The Barnes Foundation (Philadelphia)
- The Barnes Foundation offers a video series about the foundation’s art collection, which is updated frequently. In addition, online classes and lectures are available to enjoy from home.
Benjamin Franklin Museum (Philadelphia)
- Explore some of Benjamin Franklin Museum’s beloved exhibitions on their website, as well as, attending several virtual lectures and programs.
Brandywine Conservancy and Museum of Art (Chadds Ford)
- The Brandywine Conservancy and Museum of Art offers engaging virtual tours and curator-led gallery talks of their collection and special exhibitions, activities for all ages, blogs, and resources for everyone to enjoy at home. Online museum offerings are updated weekly, so be sure to check back for new and exciting exhibits and talks.
Chester County Historical Society (West Chester)
- Dive into the Chester County Historical Society’s various collections and virtual exhibits that shed light of the history of Chester County. Additionally, check out their virtual lectures and programs.
Independence Seaport Museum (Philadelphia)
- Online exhibitions are available that highlight the Philadelphia region’s waterways through history, science, and art.
Museum of the American Revolution (Philadelphia)
- Explore the Museum of the American Revolution’s current virtual exhibit– When Women Lost the Vote: A Revolutionary Story safely at home. You can also virtually tour the museum, as well as explore collection highlights, and attend virtual lectures and events.
Mütter Museum (Philadelphia)
- Virtually access some of the Mütter Museum’s collection by using their website and YouTube channel. Additionally, the Mütter Museum offers lectures and other events you can attend virtually.
National Constitution Center (Philadelphia)
- The National Constitution Center offers a myriad of ways to enjoy museum offerings during their closure. Attend live classes and lectures, join the museum for online debates about timely constitutional topics, explore their expansive media library, and dive into their exhibits through the museum’s virtual museum experience.
Penn Museum (Philadelphia)
- The Penn Museum offers a plethora of digital and online collections. Additionally, lecture recordings and live virtual events are available.

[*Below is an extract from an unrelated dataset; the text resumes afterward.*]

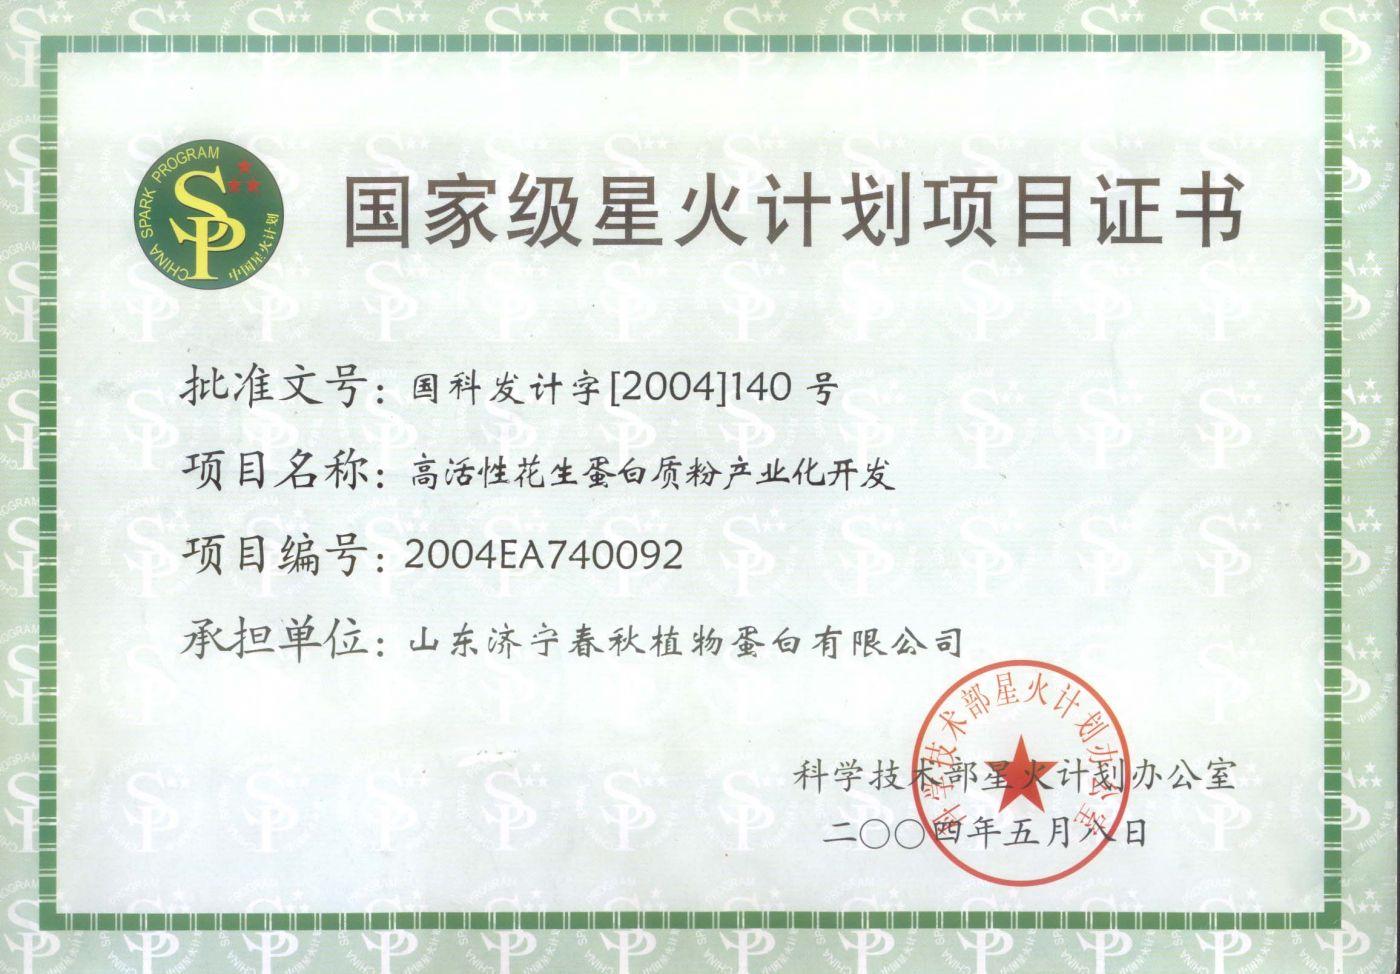 中国有了高活性蛋白质之四_图1-5
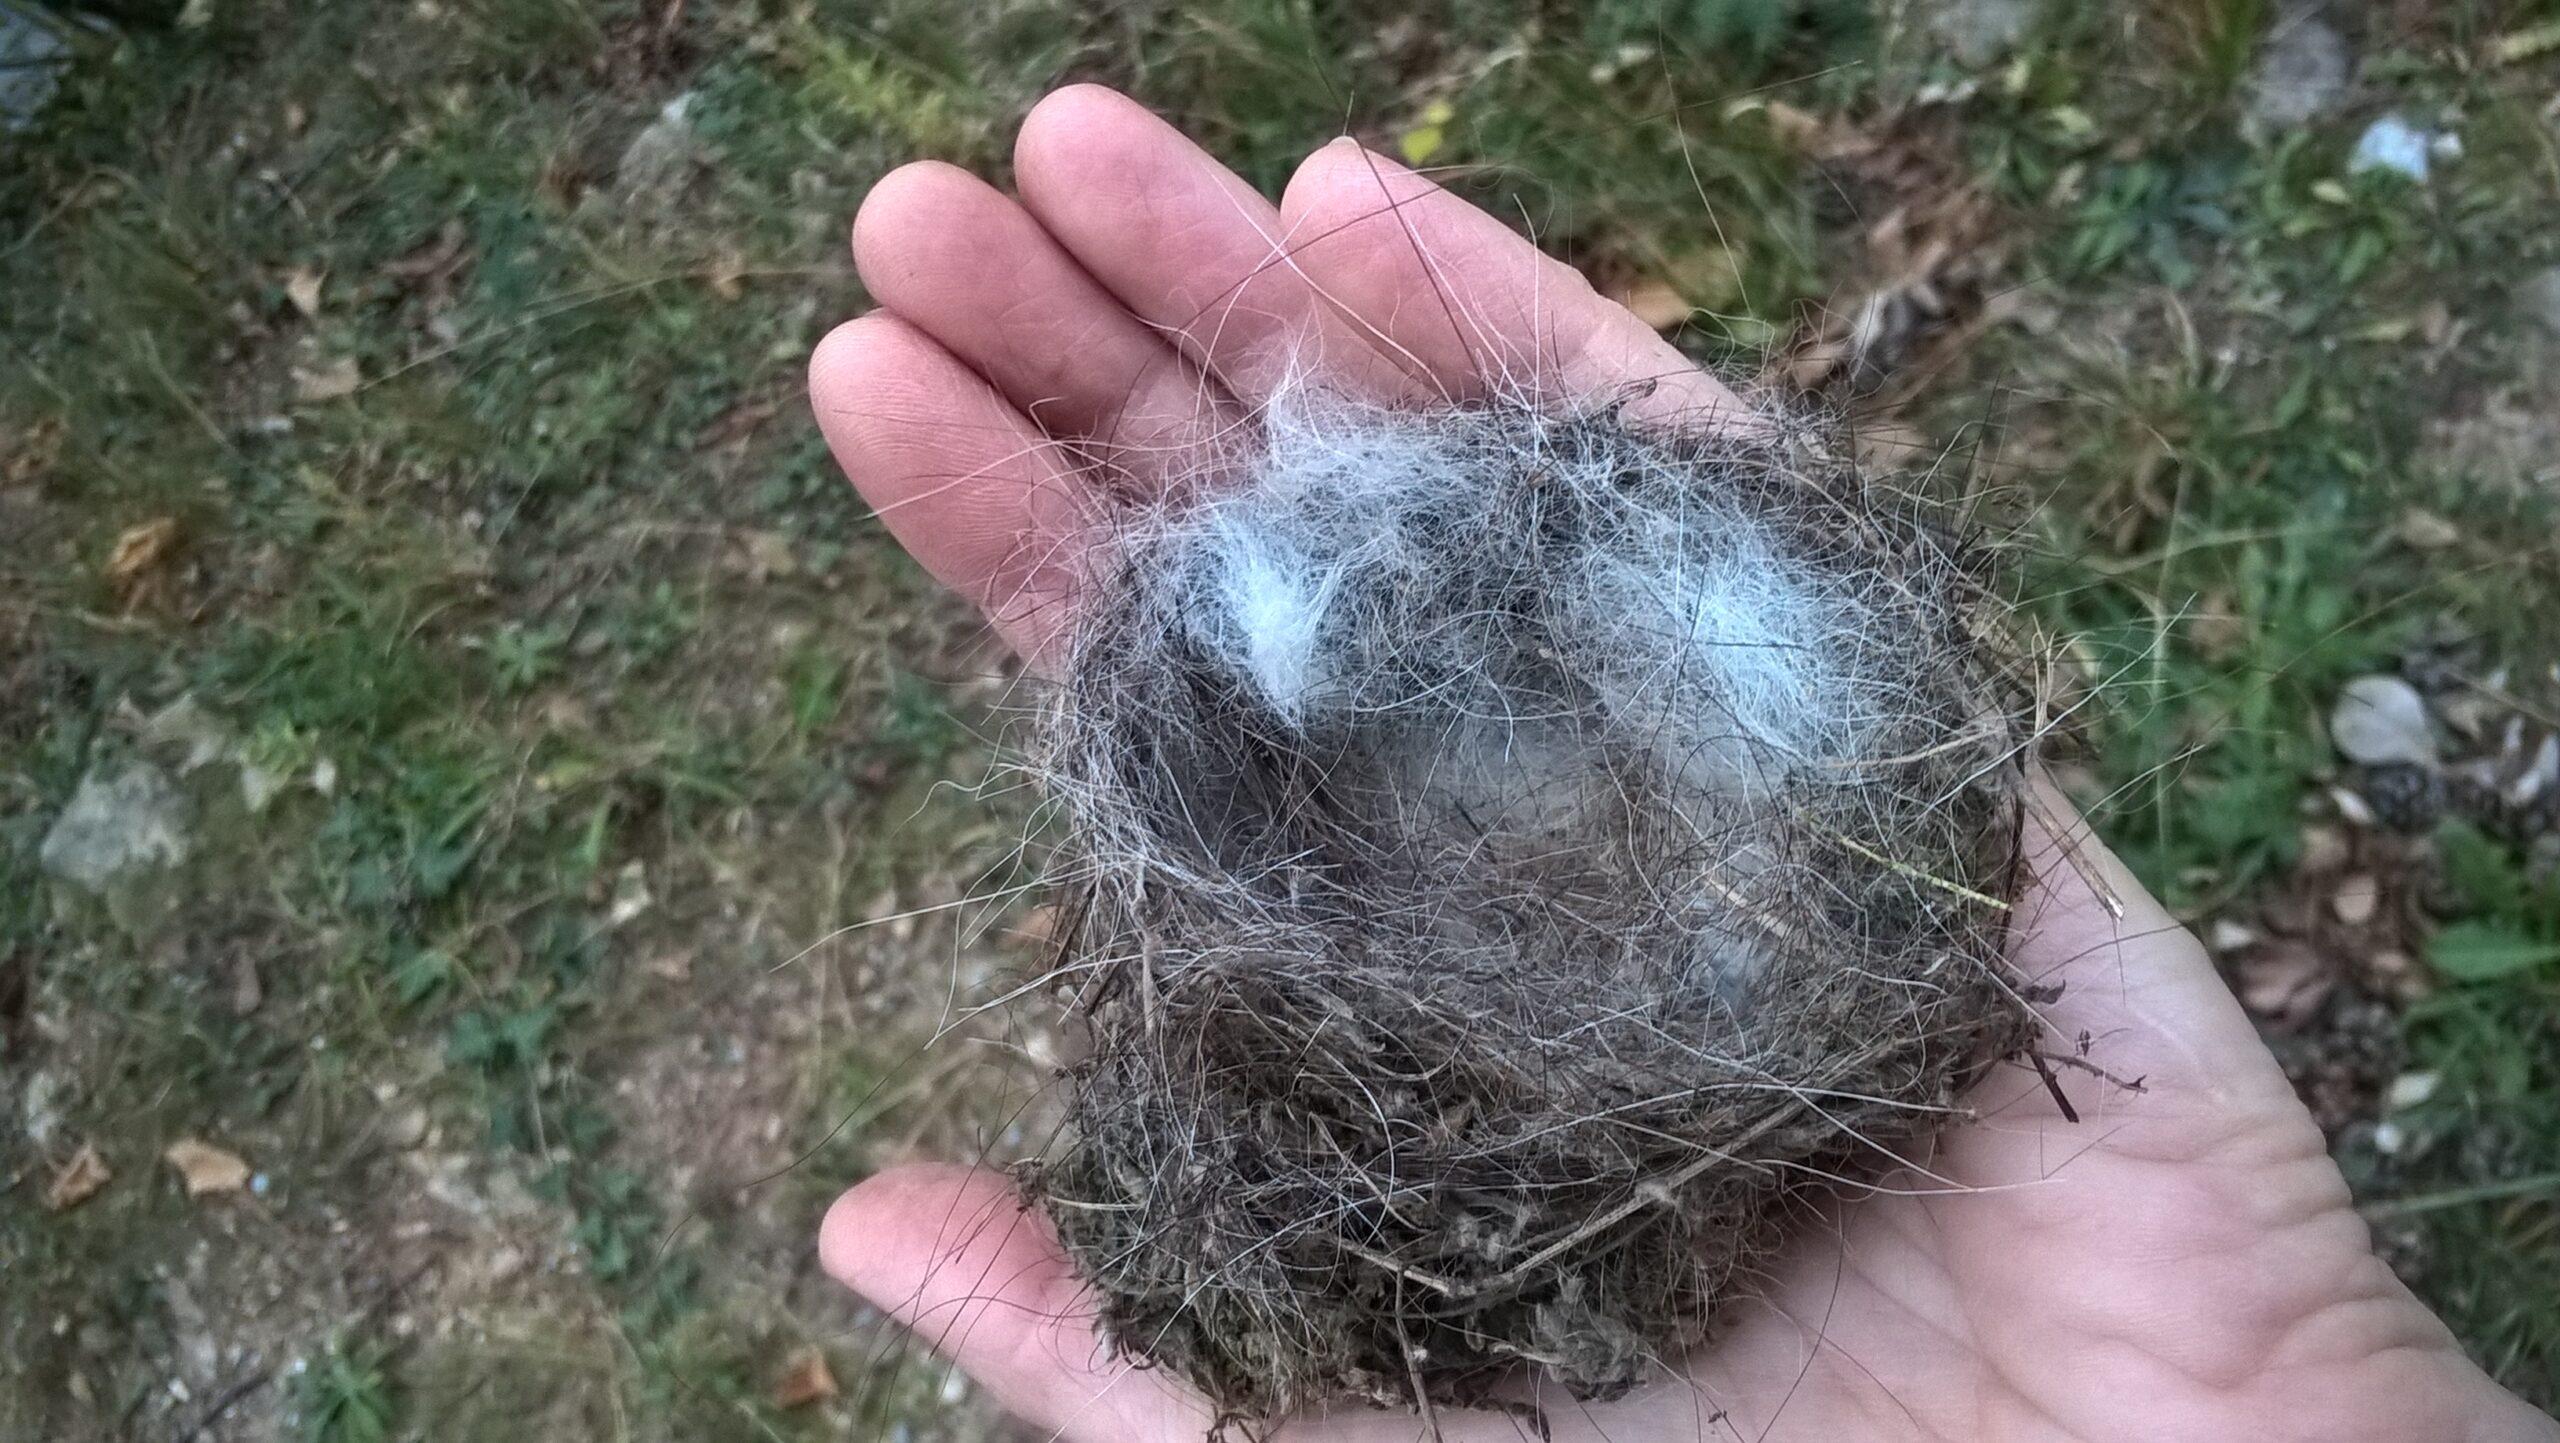 Una mano aperto che tiene un nido d'uccello

Philadelphia Museum of Art (Philadelphia)
- The Philadelphia Museum of Art offers plentiful options to view art through their ongoing, online exhibitions. Additionally, the museum offers virtual lectures and talks.
- Explore virtual programs, at home learning resources, and Rosenbach’s Gallery Gateway for Digital Exhibitions all online.
The Google Art Project
- Google partnered with thousands of museums and galleries to curate and archive priceless pieces of art, as well as, providing online tours of the most popular art museums around the world.
The Met (New York City)
- Virtually explore The Met’s art and architecture through short videos, filmed using special spherical 360° technology. Additionally, The Met offers online lectures and performances.
NASA (Washington D.C.)
- NASA’s Langley Research center offers virtual tours and talks that will inspire any autodidact. Additionally, you can get a special peek into NASA Glenn Research Center’s facilities all from the safety of your own home.
The National Gallery of Art (Washington D.C.)
- The National Gallery of art offers digital collections and online programs you can explore from home.
The Smithsonian (Washington D.C.)
- While the world’s largest museum complex is closed to the public, you can still learn from home. Explore a plethora of digital content and exhibitions for the Smithsonian’s 19 museums and galleries, as well as video and online events organized by historians, scientists, and museum curators.